| Provided data |

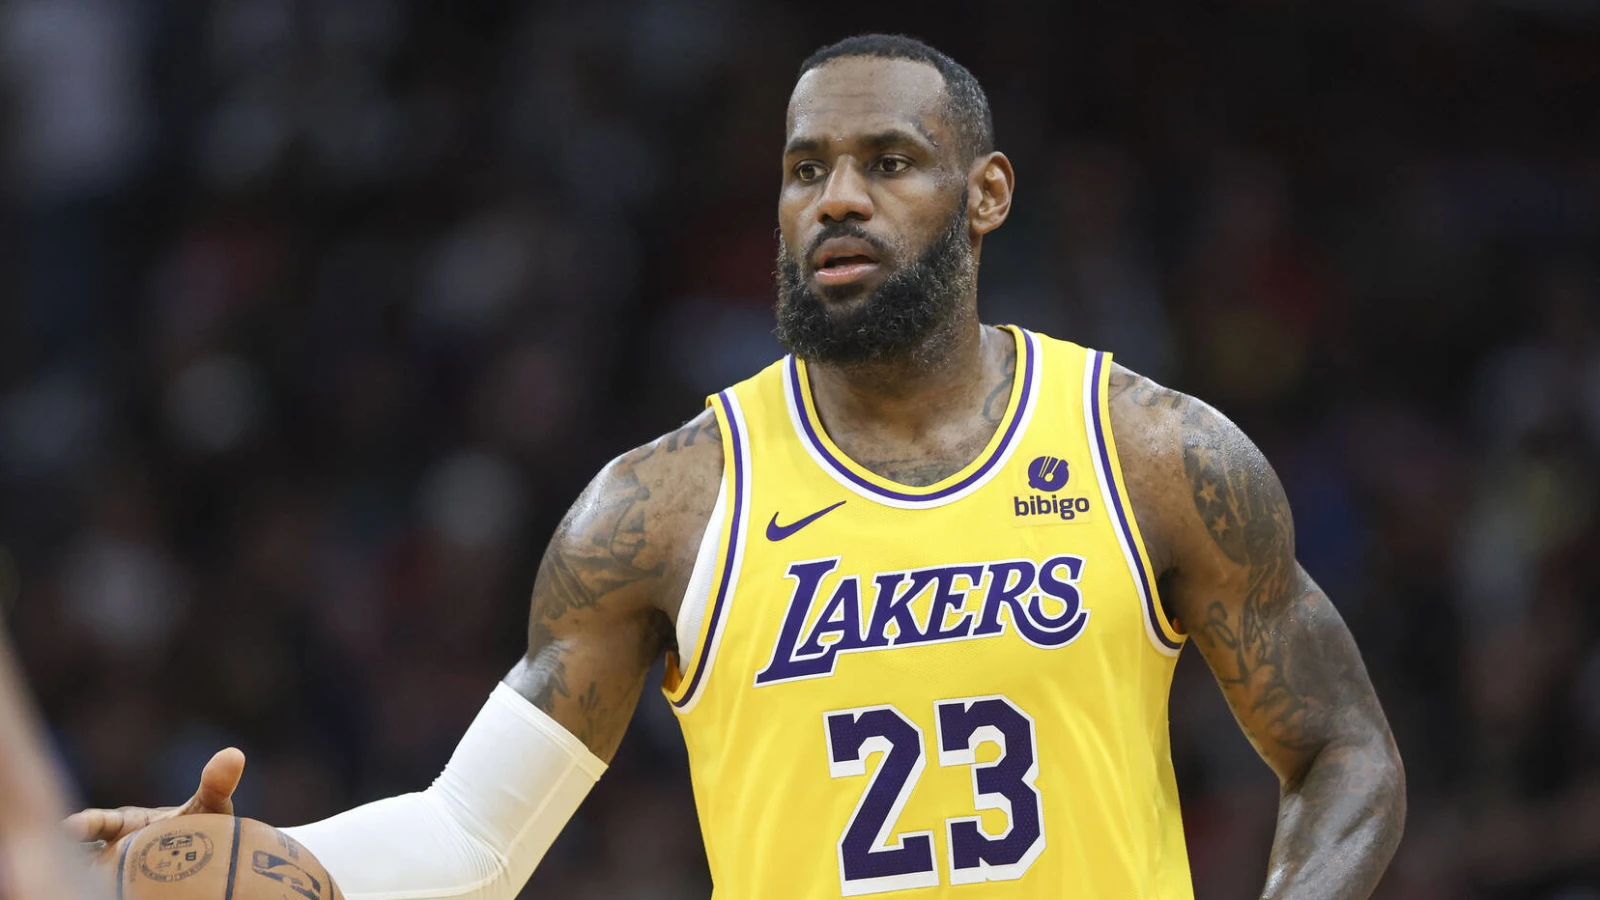 Слухи о обмене в НБА: Леброн Джеймс рассматривает возможность перехода в «Майами Хит», «Филадельфию 76ерс» и «Нью-Йорк Никс»
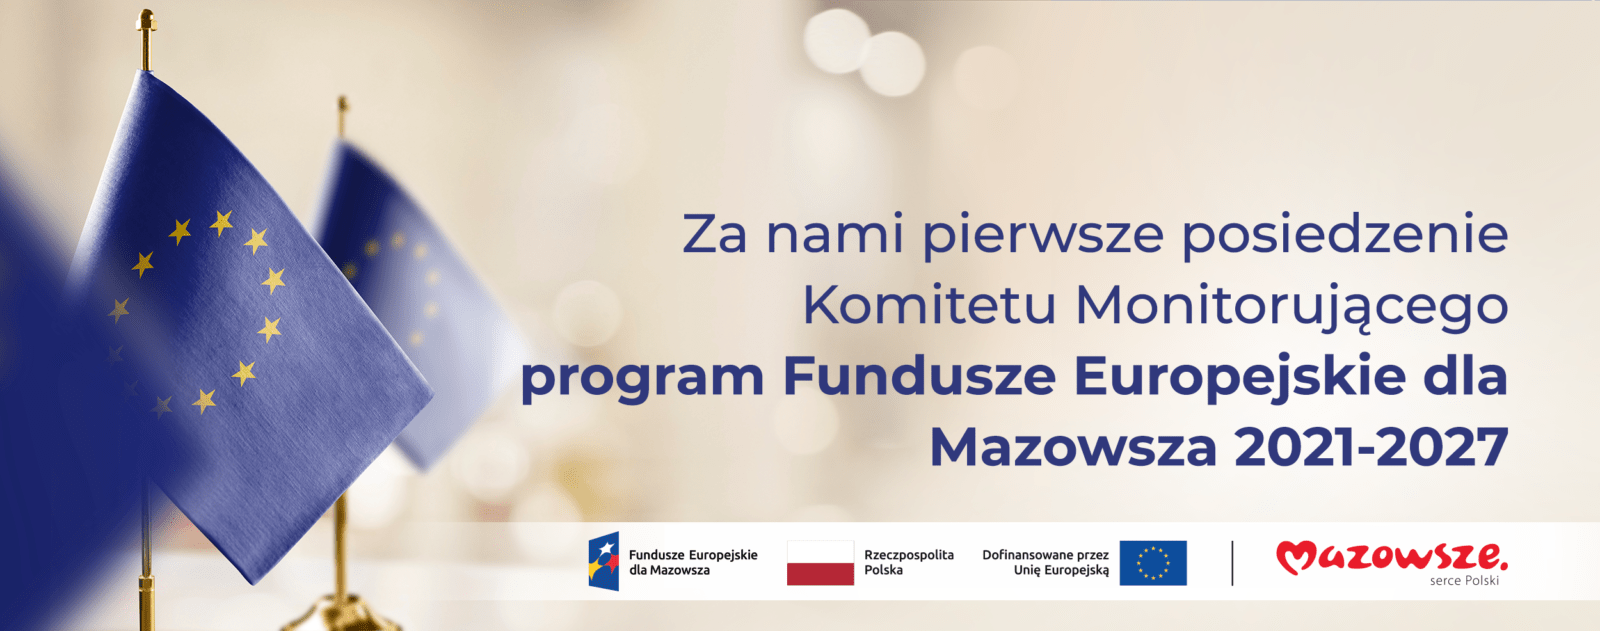 Hasło "Za nami pierwsze posiedzenie Komitetu Monitorującego Program Fundusze Europejskie dla Mazowsza 2021-2027", a w tle flagi Unii Europejskiej
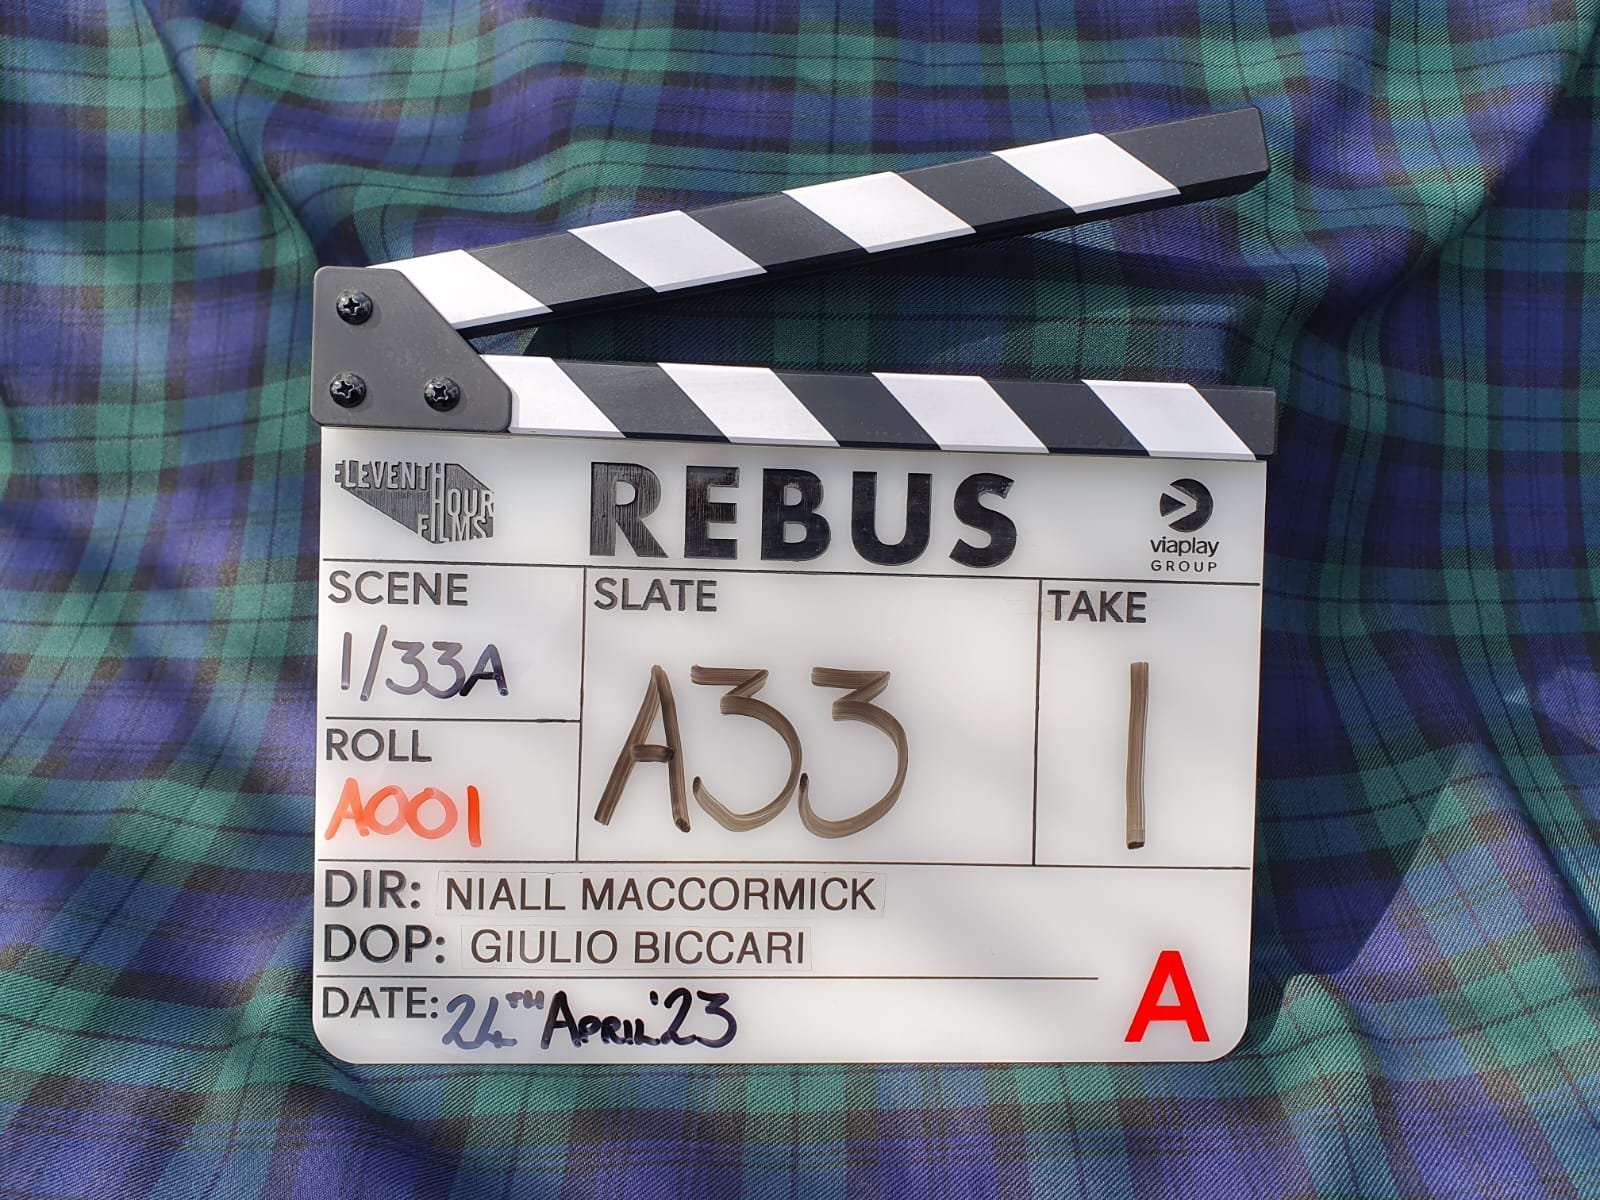 Fler skådespelare ansluter till Rebus – Viaplays brittiska satsning
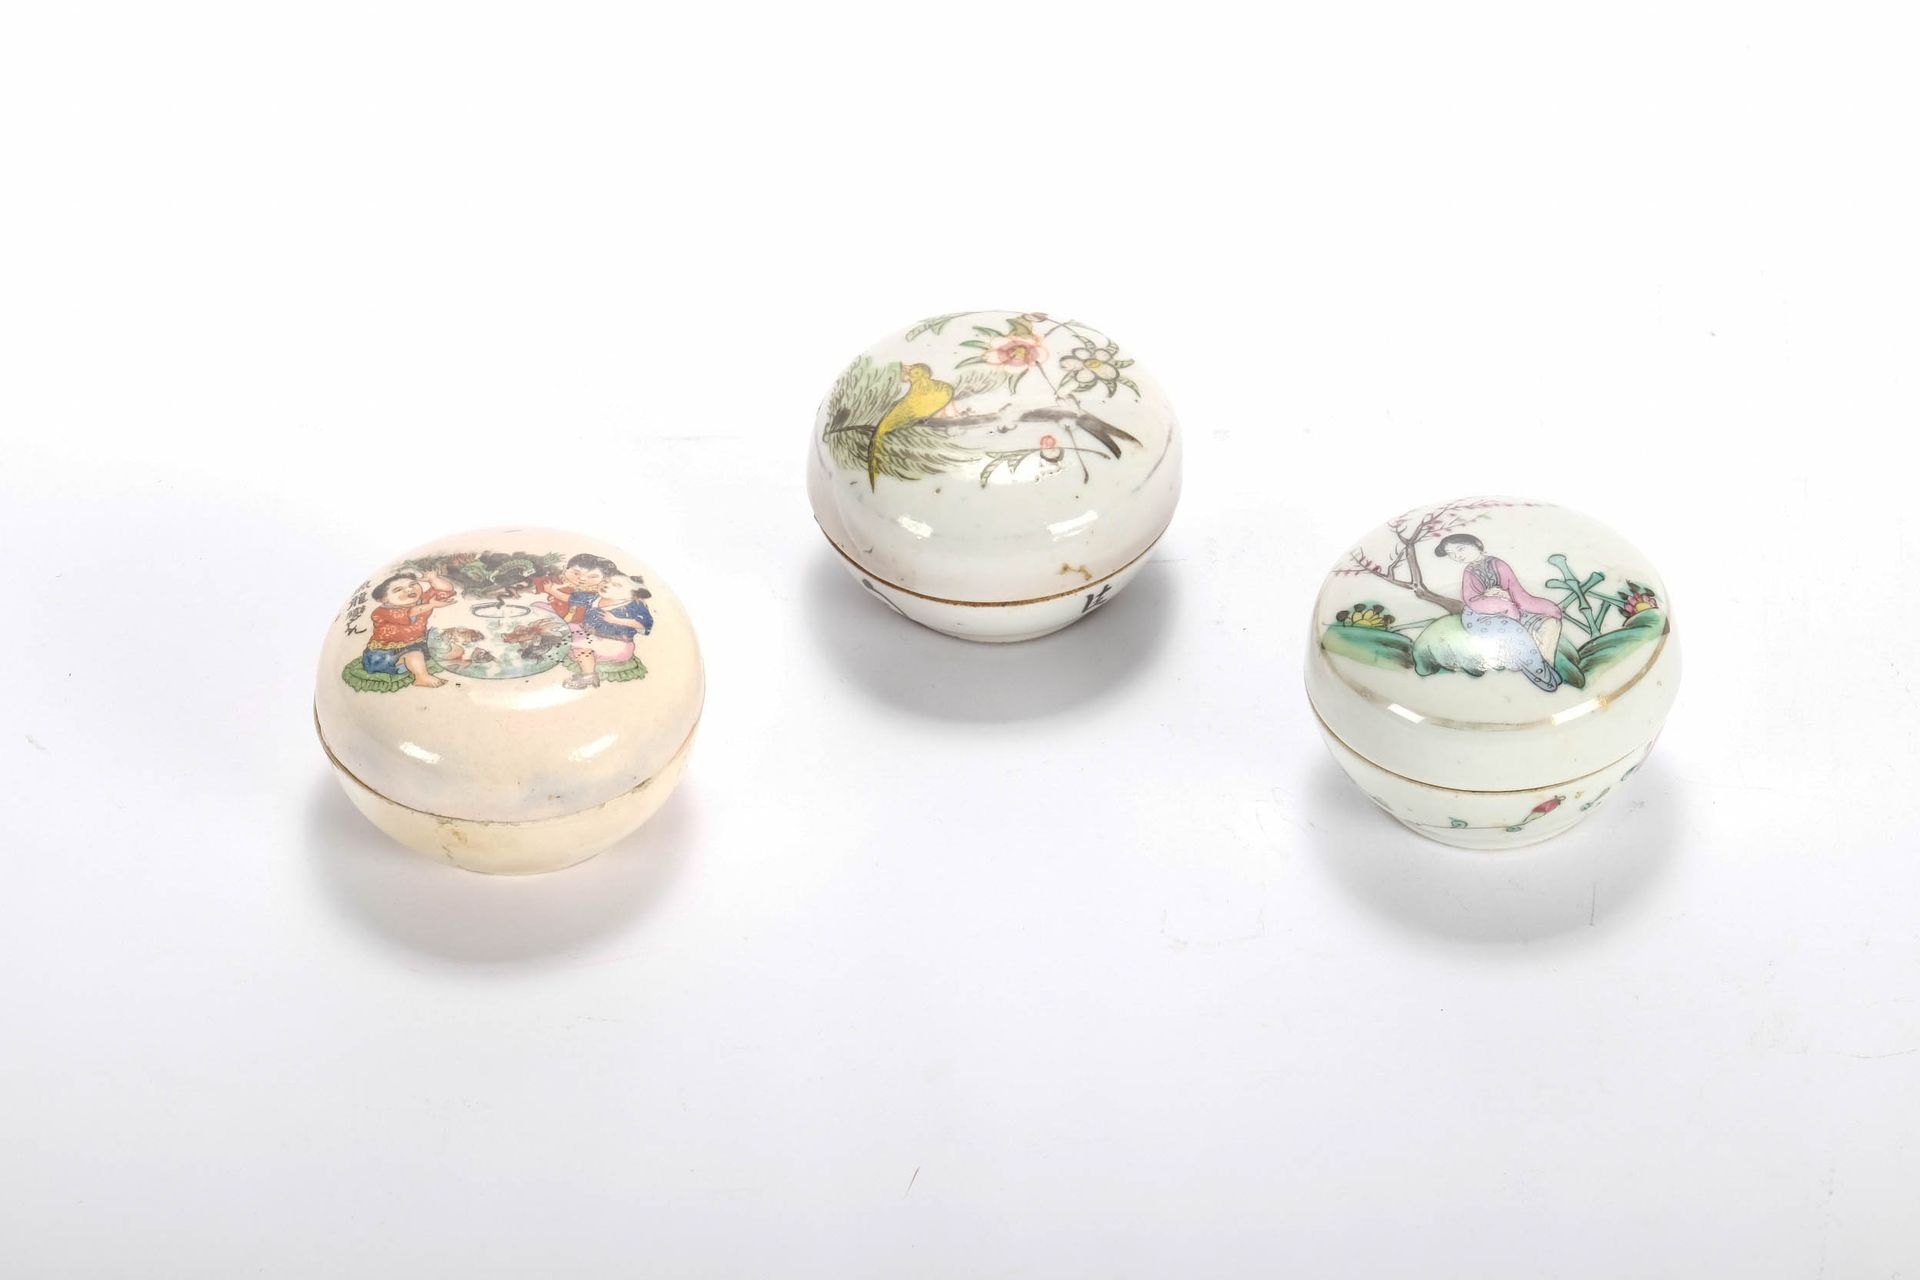 CHINE (CHINA, 中国) 一套3个有盖小瓷盒，19世纪末，20世纪初。高5厘米，直径8厘米。

| Assignment |
All lines from the one containing "flagi Unii Europejskiej" to the last line of the data above, both included, should be printed exactly, and the pictures should not appear.

| Problem solution |
 Hasło "Za nami pierwsze posiedzenie Komitetu Monitorującego Program Fundusze Europejskie dla Mazowsza 2021-2027", a w tle flagi Unii Europejskiej
 Fler skådespelare ansluter till Rebus – Viaplays brittiska satsning
 CHINE (CHINA, 中国) 一套3个有盖小瓷盒，19世纪末，20世纪初。高5厘米，直径8厘米。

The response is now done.